### DESCRIPTION OF THE TASK:
The listing below must be repeated word for word, without its pictures.

### DATA:
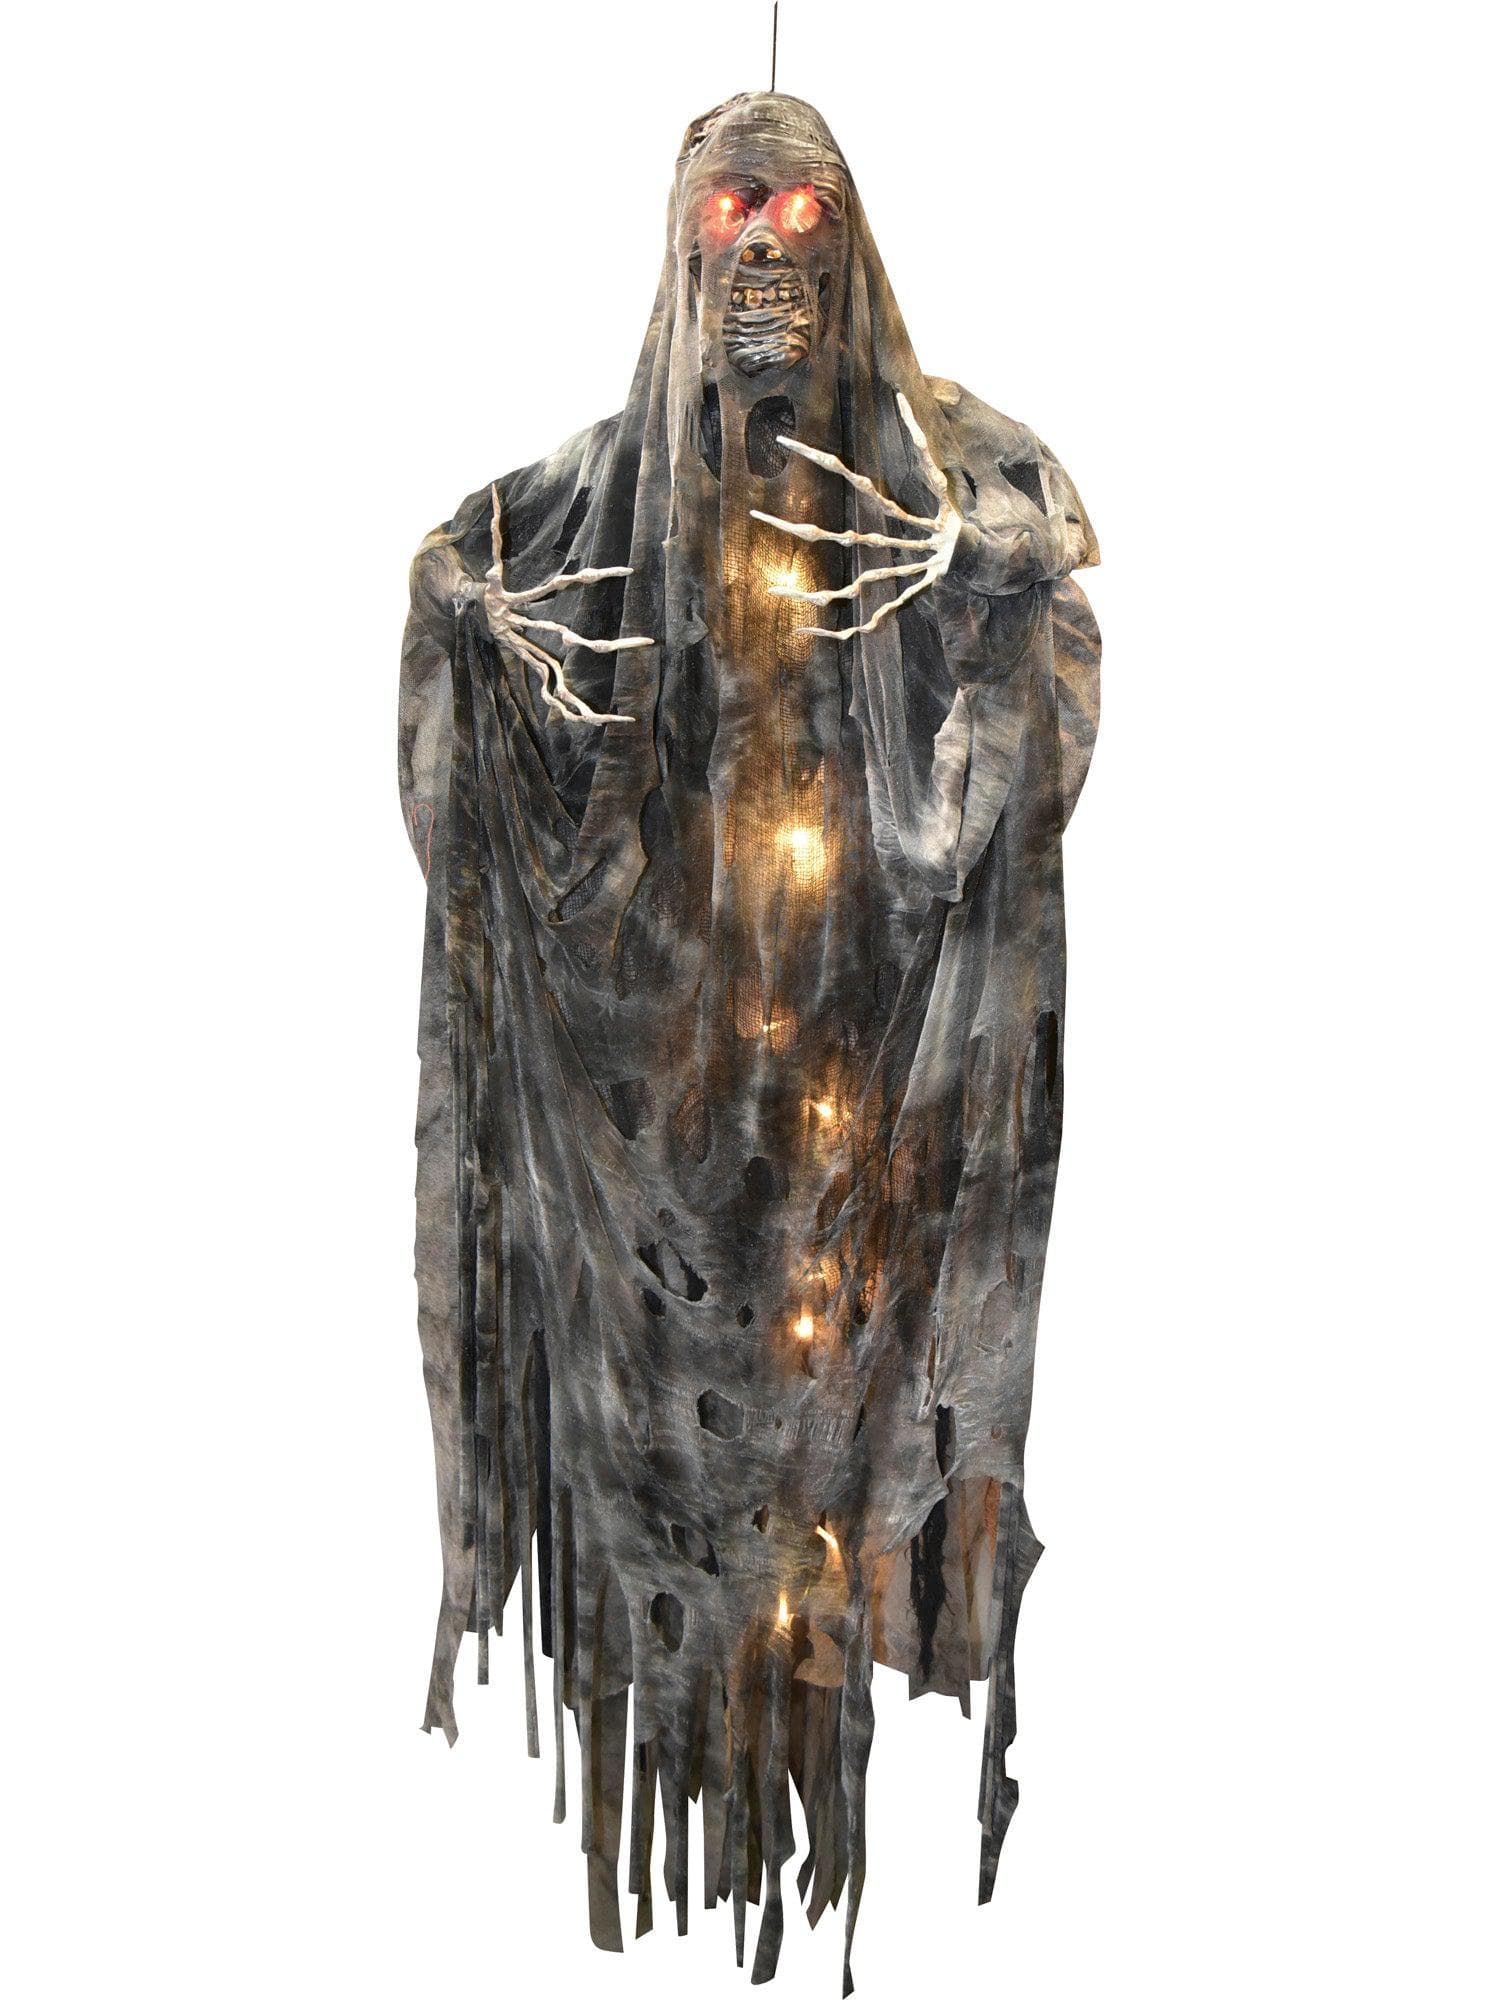 6 Foot Hanging Mummy Light Up Animated Prop - costumes.com
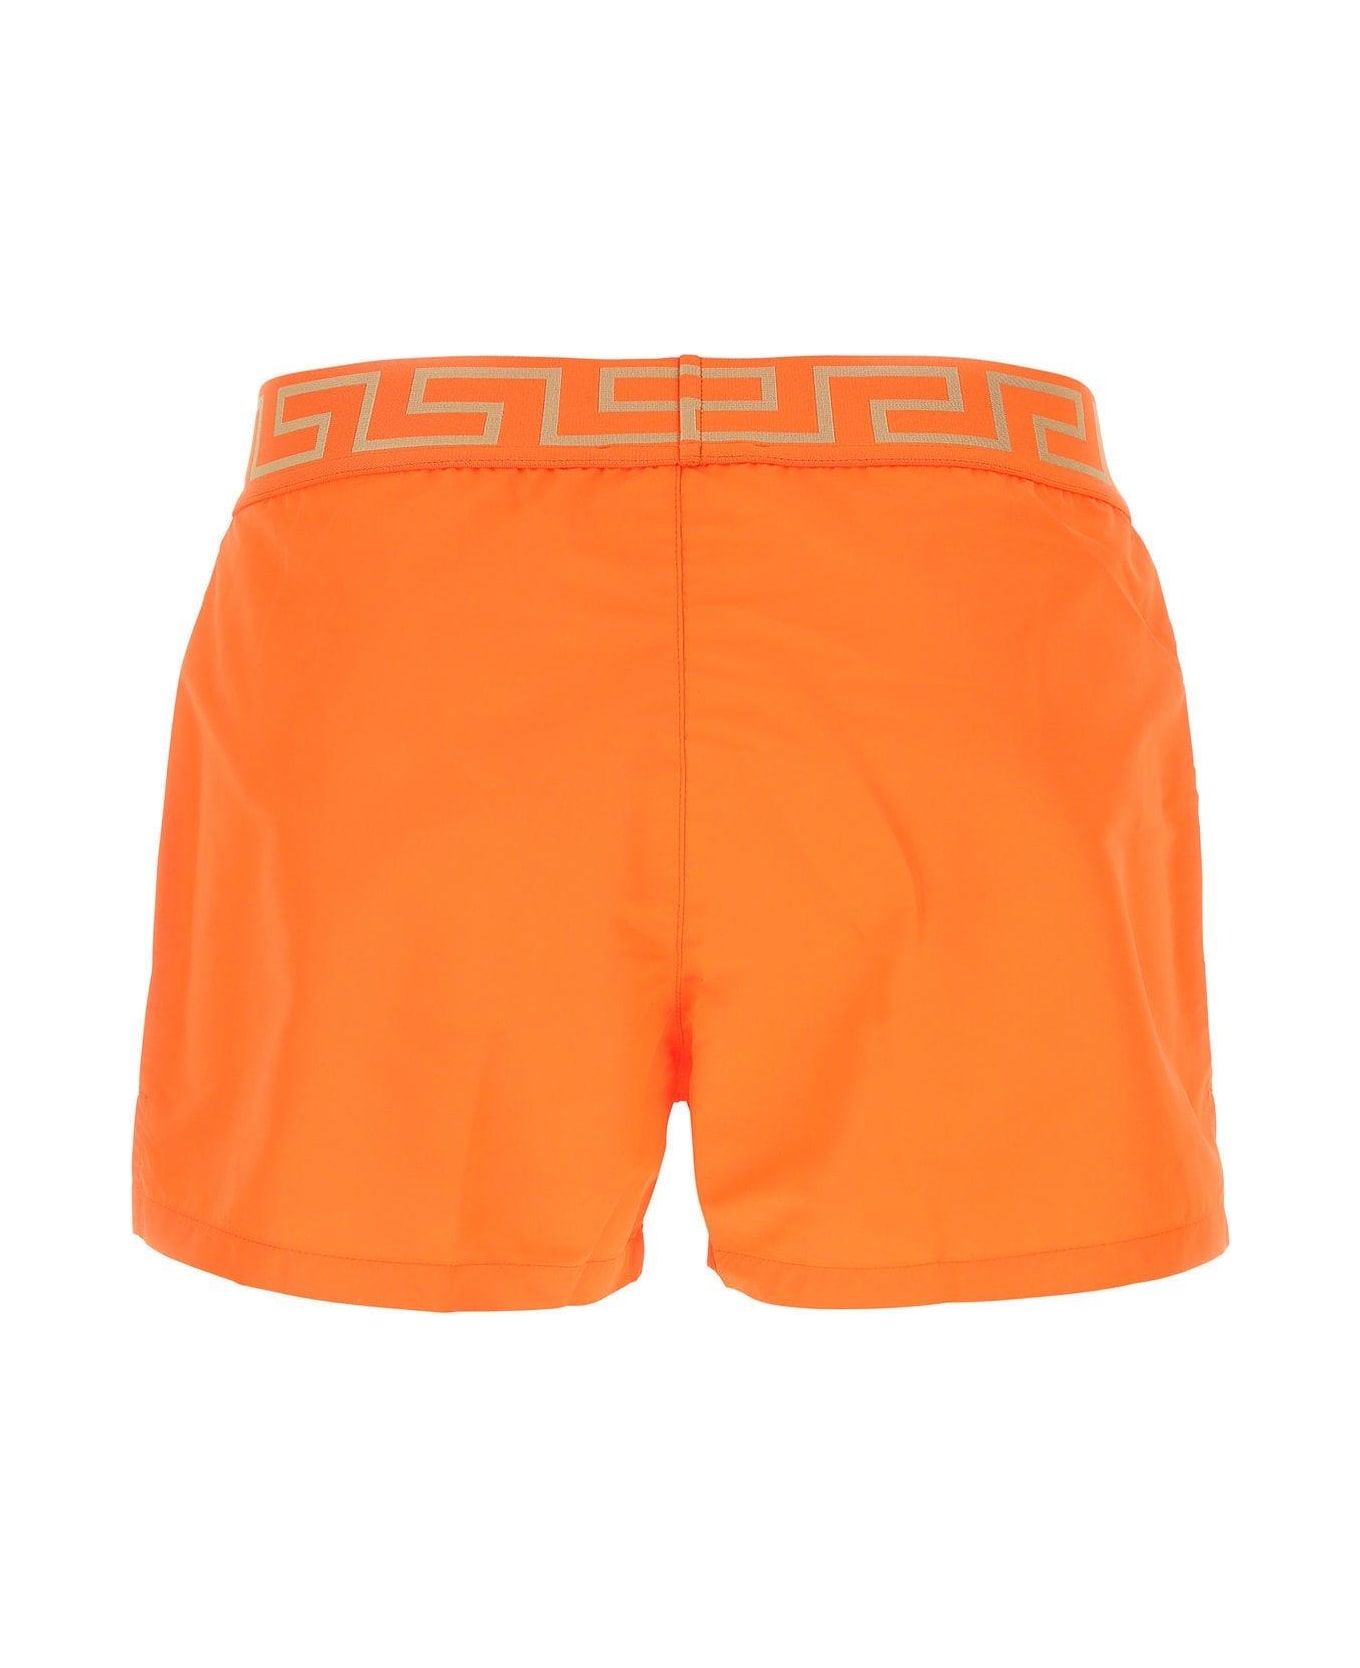 Versace Orange Polyester Swimming Shorts - Arancione ショートパンツ
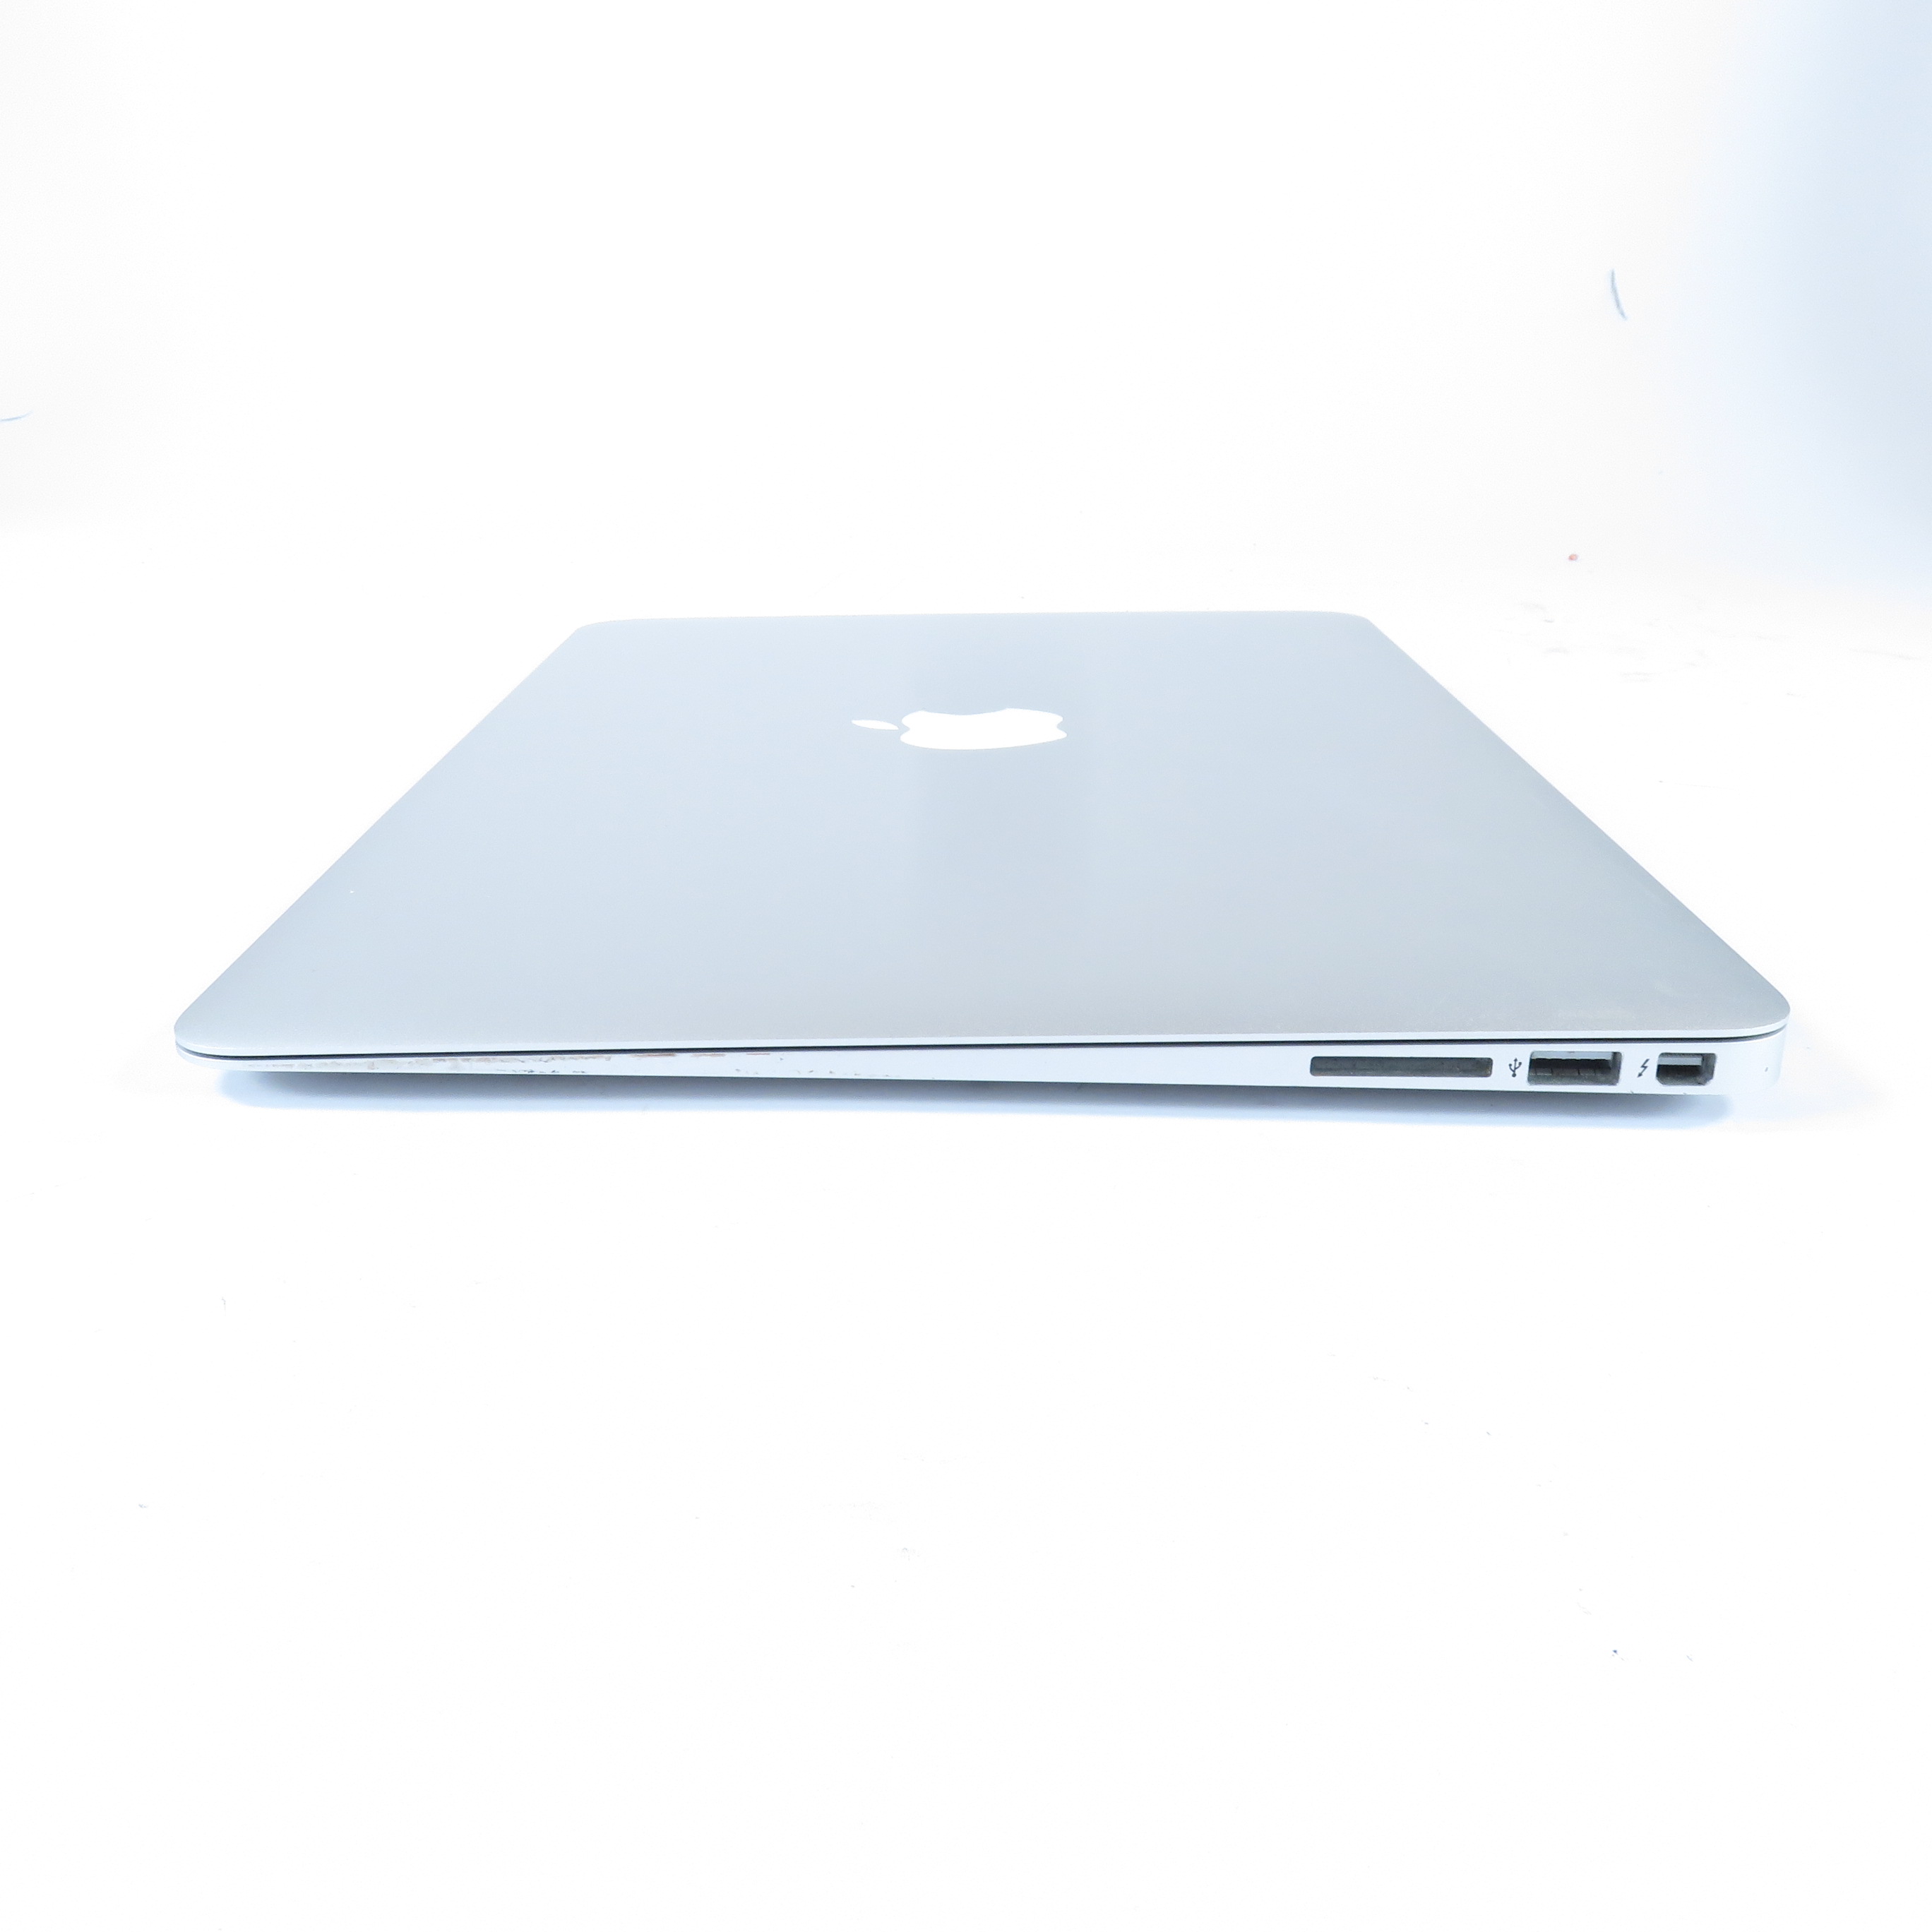 Apple MacBook Air 2015 MJVE2LL/A Core i5-5250U 1.6GHz 8GB RAM

### WORKED SOLUTION:
 6 Foot Hanging Mummy Light Up Animated Prop - costumes.com
 Versace Orange Polyester Swimming Shorts - Arancione ショートパンツ
 Apple MacBook Air 2015 MJVE2LL/A Core i5-5250U 1.6GHz 8GB RAM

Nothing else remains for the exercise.